(Extracted data entries)
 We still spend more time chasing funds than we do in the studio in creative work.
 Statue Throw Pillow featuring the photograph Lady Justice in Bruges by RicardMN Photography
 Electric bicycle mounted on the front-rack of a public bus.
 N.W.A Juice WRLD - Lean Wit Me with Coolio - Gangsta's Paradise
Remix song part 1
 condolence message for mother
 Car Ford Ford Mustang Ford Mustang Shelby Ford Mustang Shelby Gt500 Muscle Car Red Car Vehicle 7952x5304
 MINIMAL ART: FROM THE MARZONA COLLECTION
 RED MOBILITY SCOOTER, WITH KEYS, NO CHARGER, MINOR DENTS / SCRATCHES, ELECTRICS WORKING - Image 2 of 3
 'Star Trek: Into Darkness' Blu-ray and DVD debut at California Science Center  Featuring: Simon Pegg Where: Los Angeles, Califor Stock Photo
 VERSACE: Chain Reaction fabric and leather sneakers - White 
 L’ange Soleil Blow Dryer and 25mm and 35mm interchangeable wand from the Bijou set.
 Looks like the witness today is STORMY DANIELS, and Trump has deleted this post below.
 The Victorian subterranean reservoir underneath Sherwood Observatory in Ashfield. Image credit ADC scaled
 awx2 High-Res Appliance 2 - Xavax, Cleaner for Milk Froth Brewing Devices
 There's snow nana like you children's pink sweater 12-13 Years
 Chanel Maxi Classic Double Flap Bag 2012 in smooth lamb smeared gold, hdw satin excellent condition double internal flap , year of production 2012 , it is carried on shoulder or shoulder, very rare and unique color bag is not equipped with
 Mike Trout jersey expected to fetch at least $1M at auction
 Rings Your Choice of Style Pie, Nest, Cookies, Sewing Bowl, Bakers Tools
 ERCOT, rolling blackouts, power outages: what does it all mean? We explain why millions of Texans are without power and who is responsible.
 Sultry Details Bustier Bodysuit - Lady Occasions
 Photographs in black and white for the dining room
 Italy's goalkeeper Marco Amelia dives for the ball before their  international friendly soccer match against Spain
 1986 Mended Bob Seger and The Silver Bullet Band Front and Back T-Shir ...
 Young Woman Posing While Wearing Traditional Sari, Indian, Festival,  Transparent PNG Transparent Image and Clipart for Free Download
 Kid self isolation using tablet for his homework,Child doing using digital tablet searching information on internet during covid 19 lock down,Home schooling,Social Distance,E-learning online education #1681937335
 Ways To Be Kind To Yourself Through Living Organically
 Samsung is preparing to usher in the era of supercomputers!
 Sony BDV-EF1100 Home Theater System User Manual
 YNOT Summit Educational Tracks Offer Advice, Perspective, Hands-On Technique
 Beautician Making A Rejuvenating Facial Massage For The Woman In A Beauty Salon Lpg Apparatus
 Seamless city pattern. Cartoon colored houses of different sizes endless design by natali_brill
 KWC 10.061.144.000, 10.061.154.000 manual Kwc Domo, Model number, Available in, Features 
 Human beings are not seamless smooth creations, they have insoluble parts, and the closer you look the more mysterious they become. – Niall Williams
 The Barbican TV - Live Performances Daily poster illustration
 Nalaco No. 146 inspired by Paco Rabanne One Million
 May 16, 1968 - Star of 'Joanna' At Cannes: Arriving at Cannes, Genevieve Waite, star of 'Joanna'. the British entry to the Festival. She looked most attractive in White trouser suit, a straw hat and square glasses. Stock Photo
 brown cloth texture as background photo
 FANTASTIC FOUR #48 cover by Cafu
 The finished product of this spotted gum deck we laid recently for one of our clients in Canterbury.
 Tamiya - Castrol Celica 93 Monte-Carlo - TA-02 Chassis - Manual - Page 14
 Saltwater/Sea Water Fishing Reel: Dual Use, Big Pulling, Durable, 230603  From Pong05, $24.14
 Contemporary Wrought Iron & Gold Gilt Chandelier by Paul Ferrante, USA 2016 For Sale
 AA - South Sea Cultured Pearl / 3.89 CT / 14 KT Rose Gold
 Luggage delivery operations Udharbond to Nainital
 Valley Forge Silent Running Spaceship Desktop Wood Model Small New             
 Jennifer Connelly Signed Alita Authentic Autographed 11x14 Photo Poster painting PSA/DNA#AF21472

Brief> Each line above that contains the string "more" should be identified and copied.

Task result>
 We still spend more time chasing funds than we do in the studio in creative work.
 Human beings are not seamless smooth creations, they have insoluble parts, and the closer you look the more mysterious they become. – Niall Williams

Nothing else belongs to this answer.